Copy task, pictures excluded: set down exactly the lines from the one containing "Skyline di Parigi" to the end of the data below.

> _Dataset extract_:
————
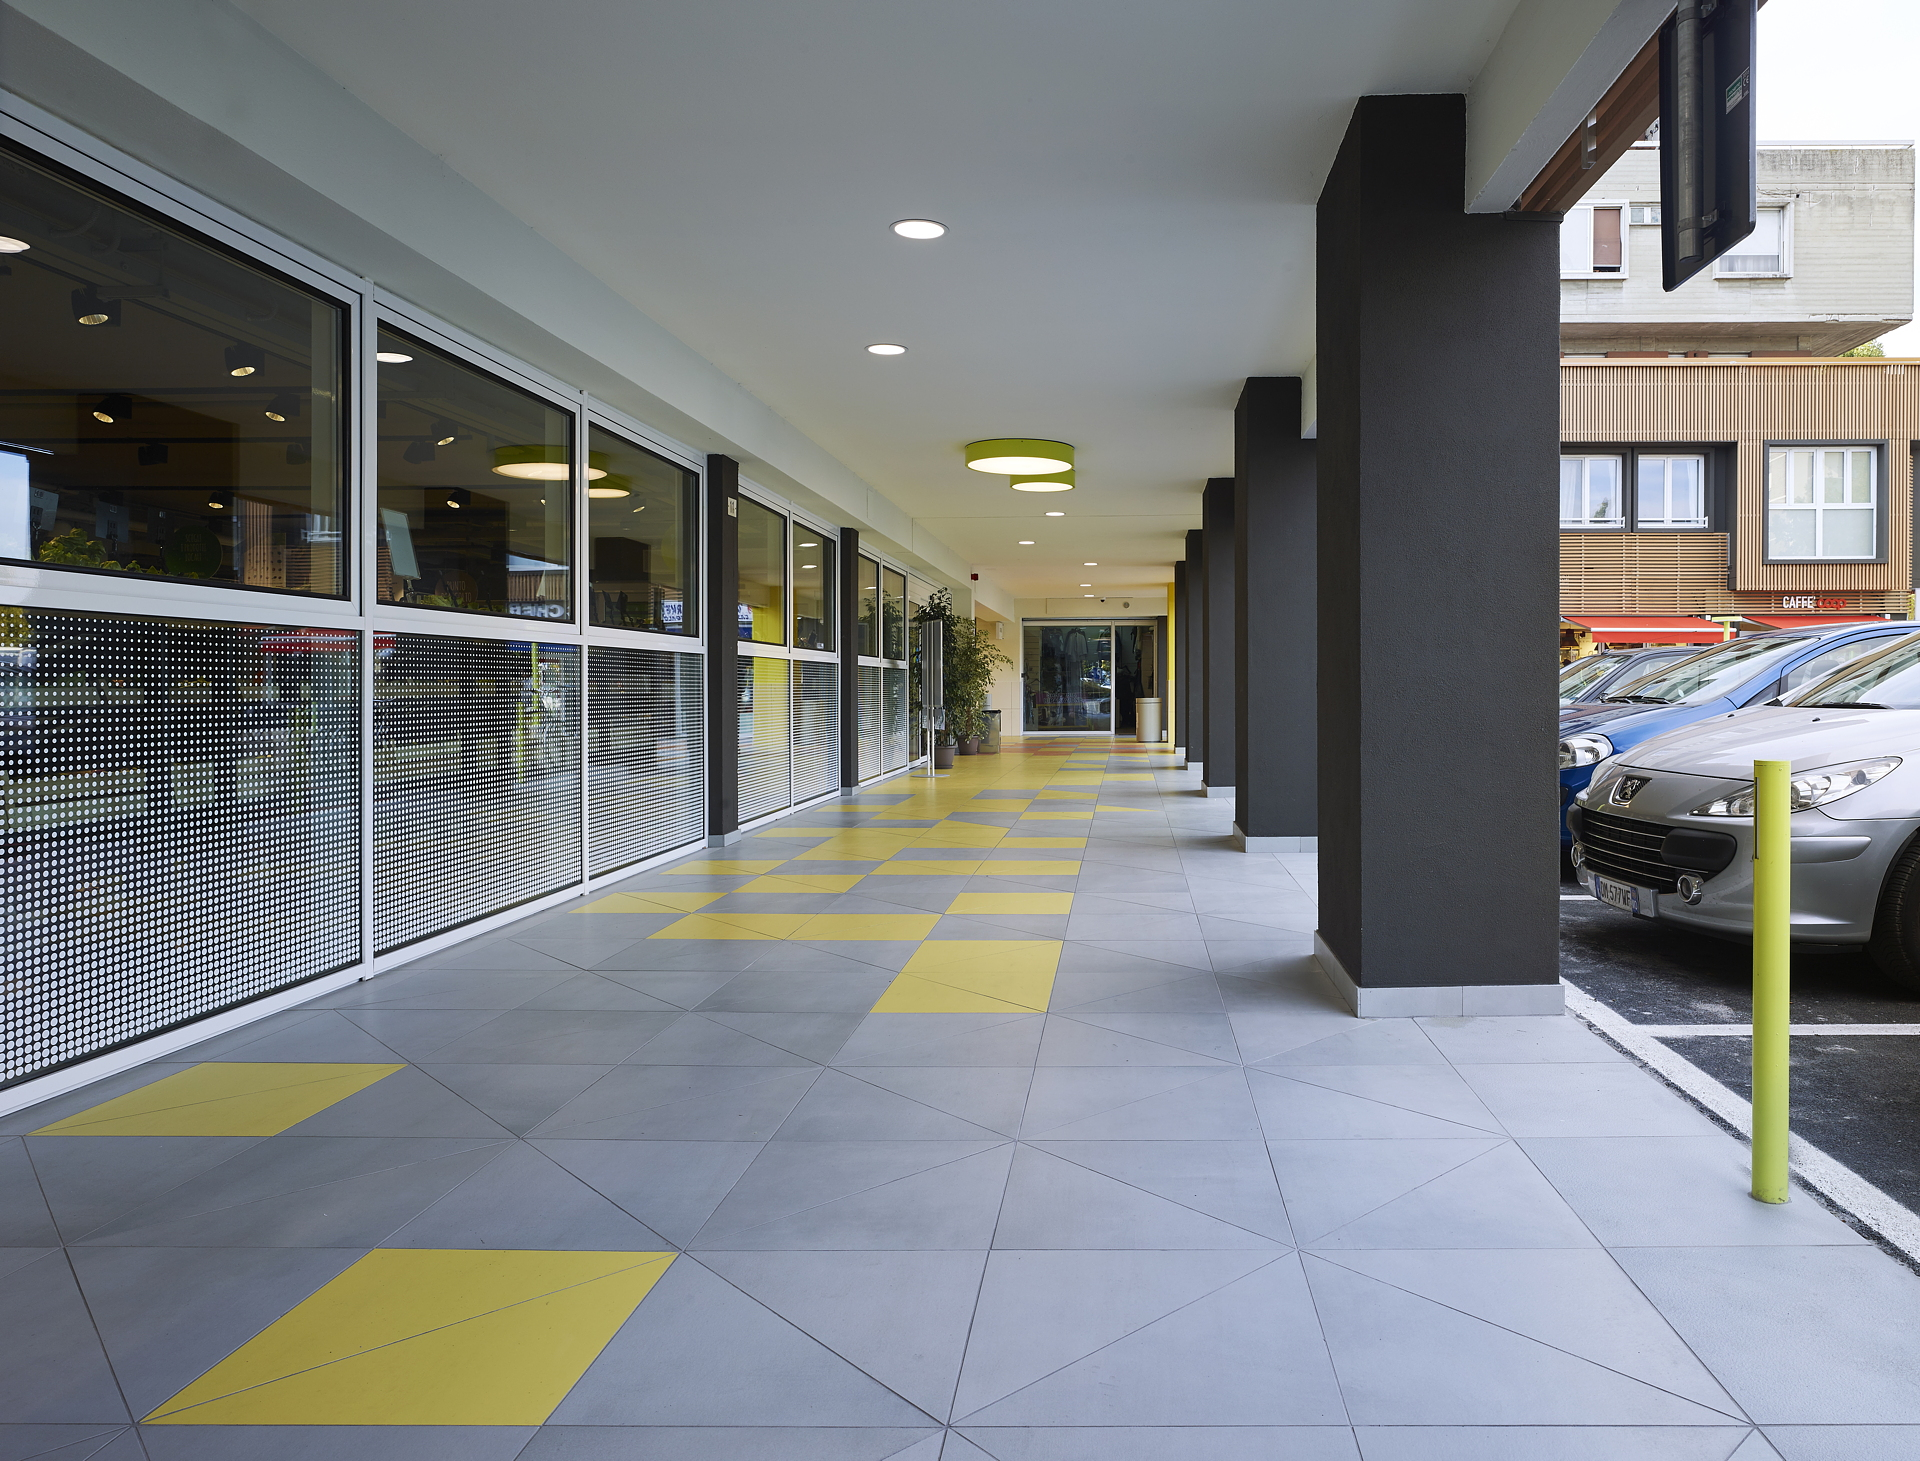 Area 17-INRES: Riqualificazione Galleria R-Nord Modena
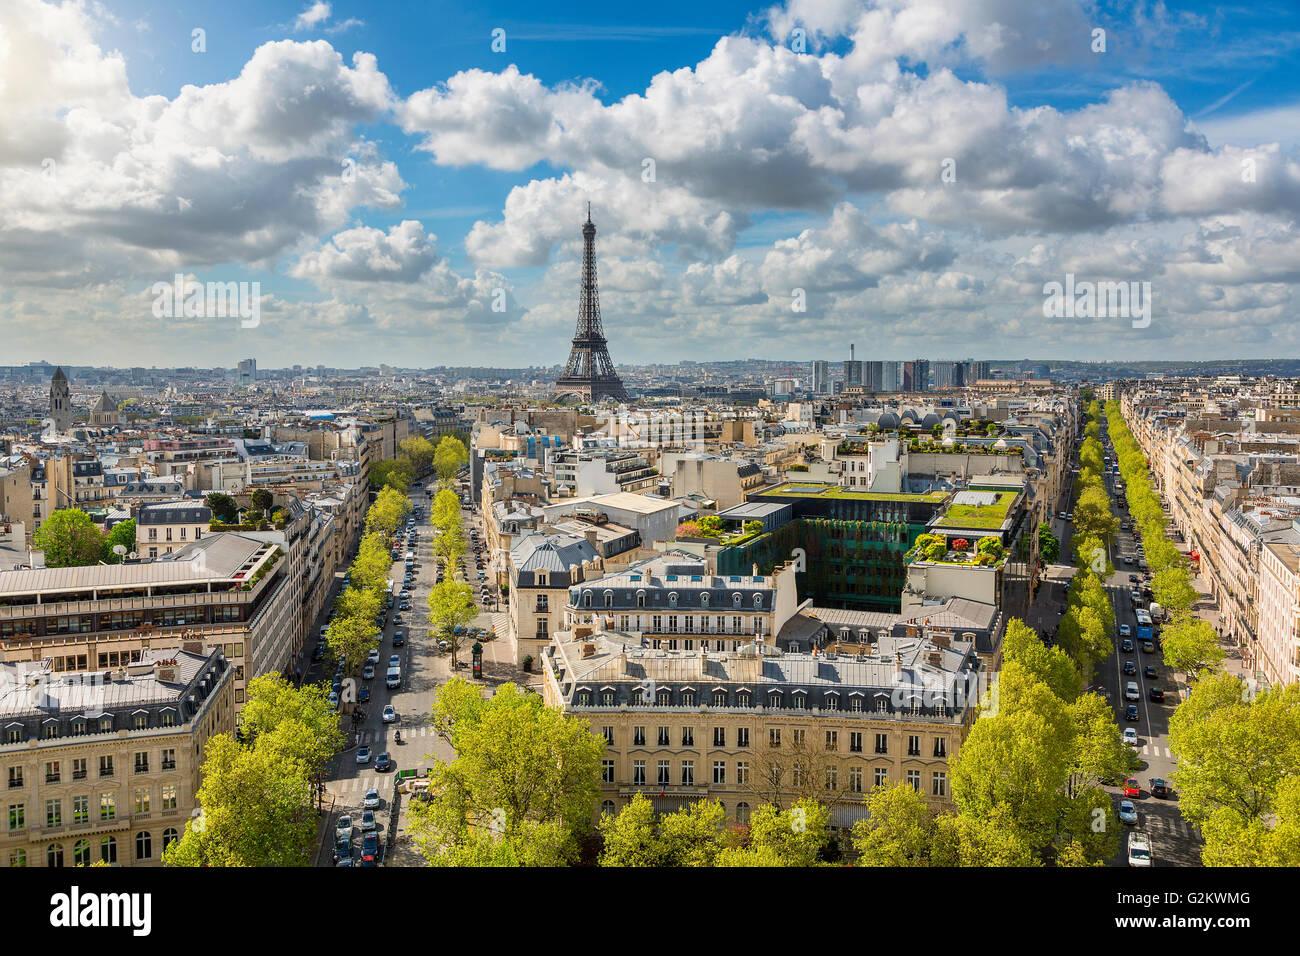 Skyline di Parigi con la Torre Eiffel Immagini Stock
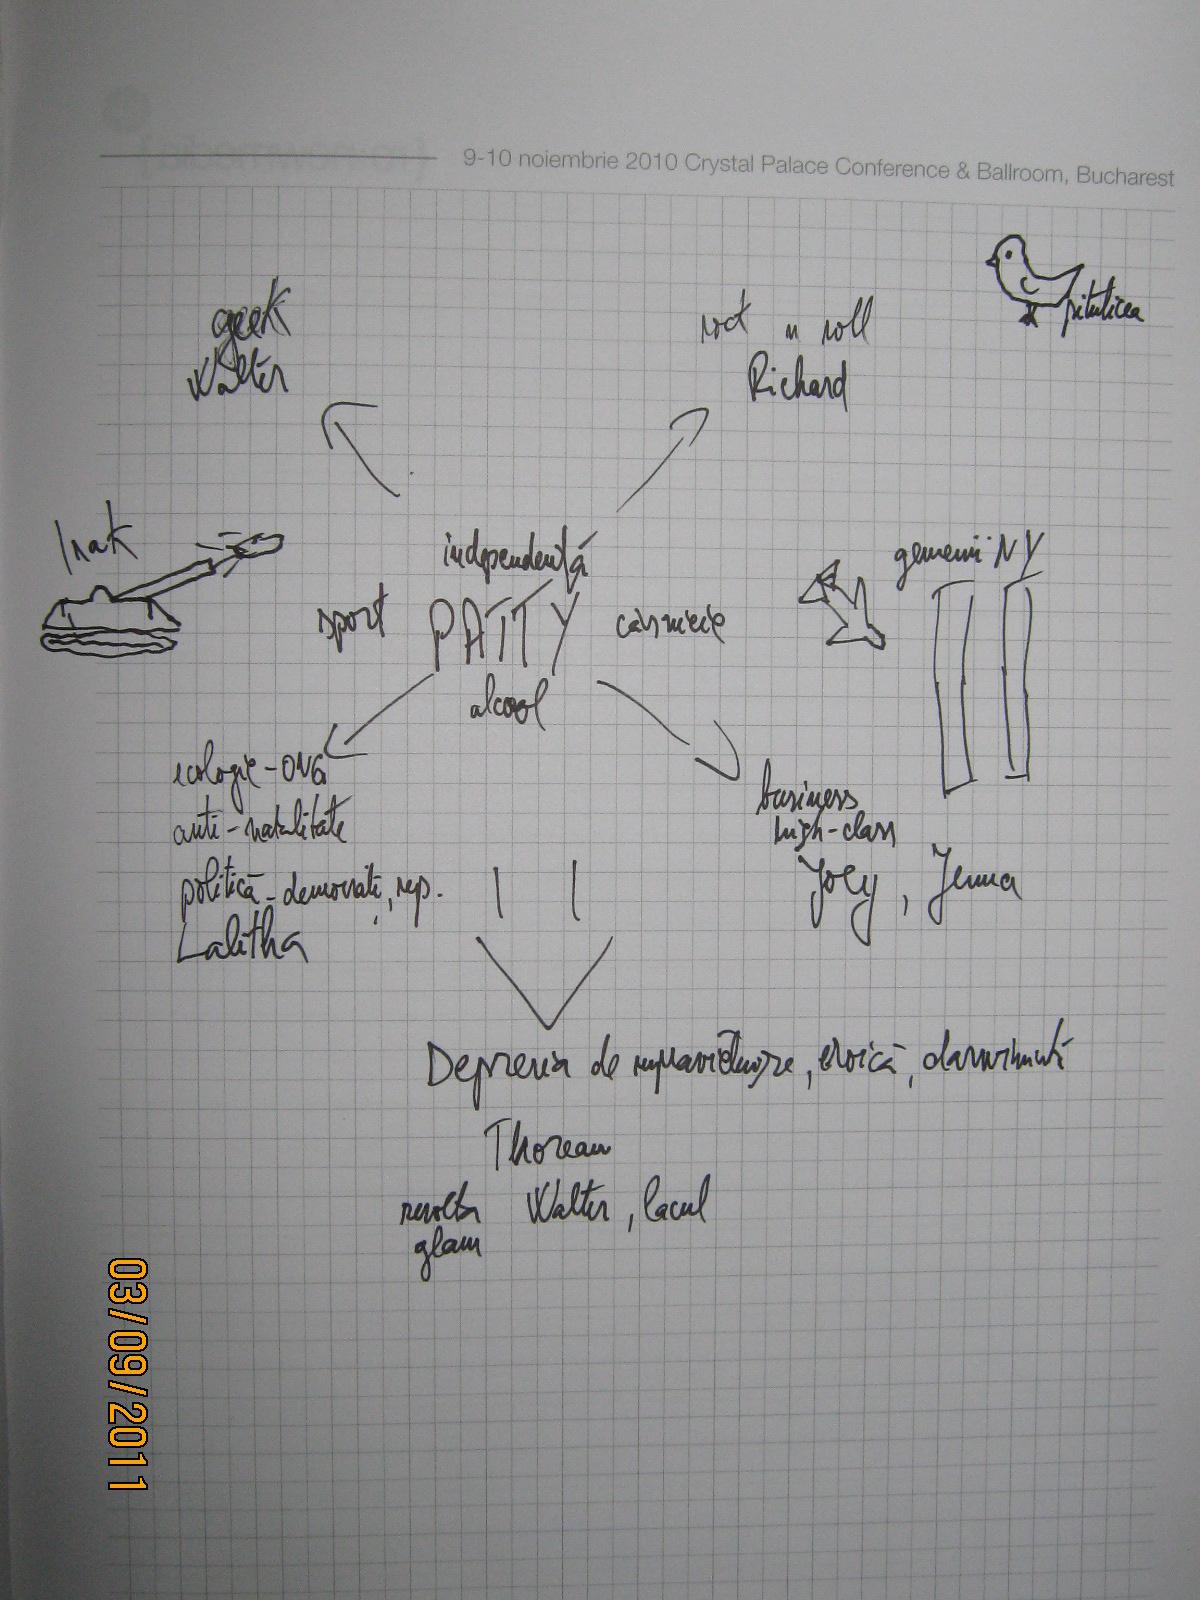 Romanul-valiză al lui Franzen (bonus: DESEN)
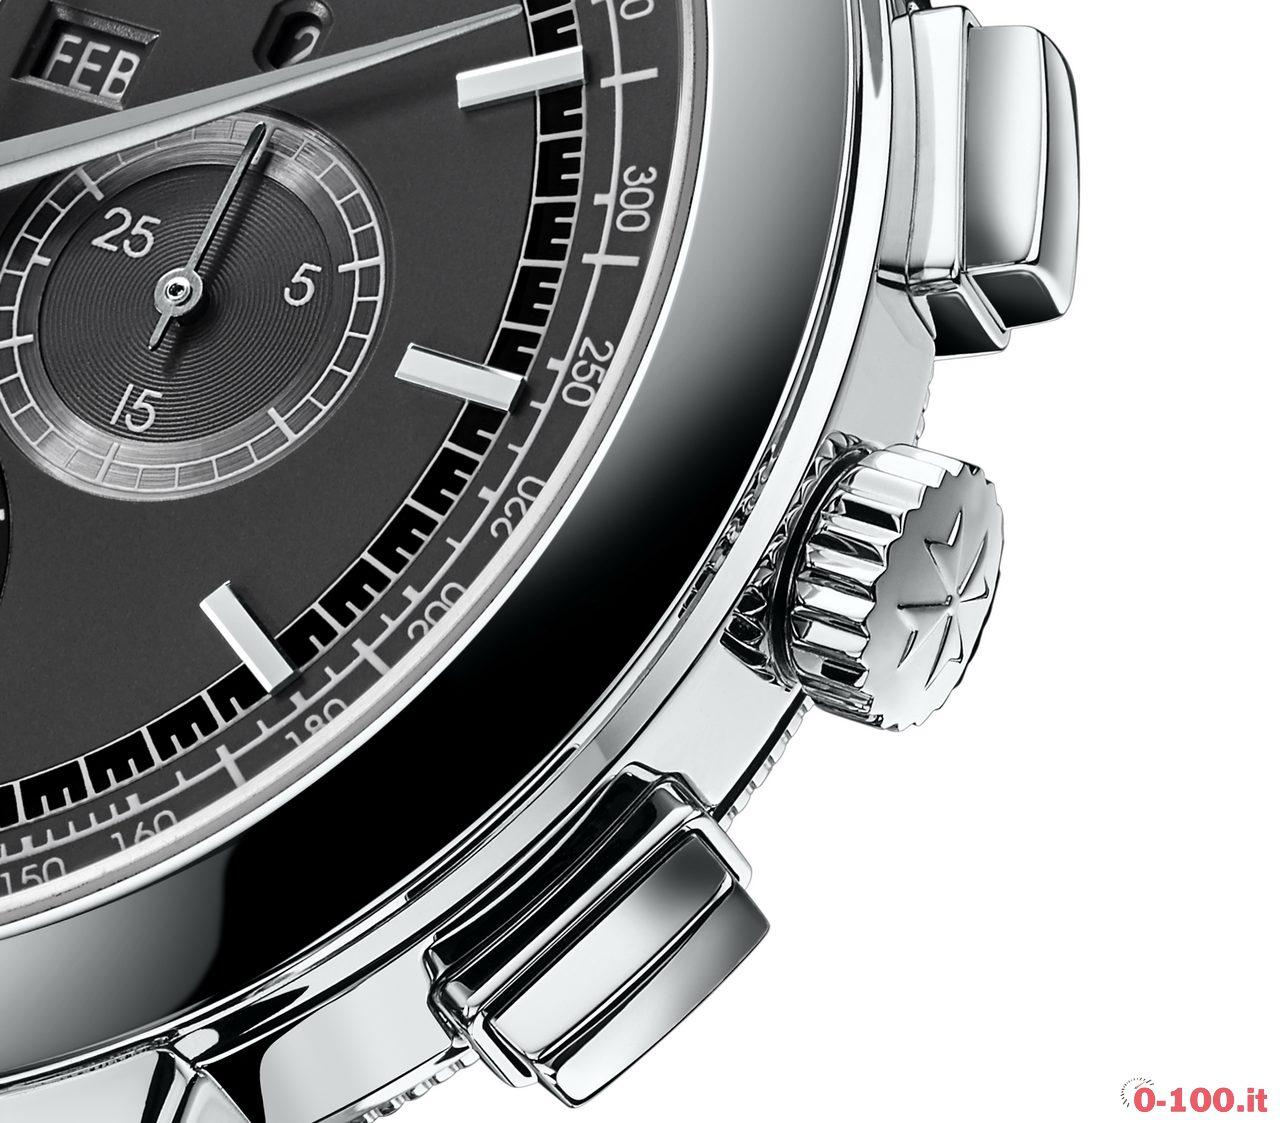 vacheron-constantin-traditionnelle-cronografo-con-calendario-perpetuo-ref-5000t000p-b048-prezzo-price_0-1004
————
> _Answer area_:
 Skyline di Parigi con la Torre Eiffel Immagini Stock
 Romanul-valiză al lui Franzen (bonus: DESEN)
 vacheron-constantin-traditionnelle-cronografo-con-calendario-perpetuo-ref-5000t000p-b048-prezzo-price_0-1004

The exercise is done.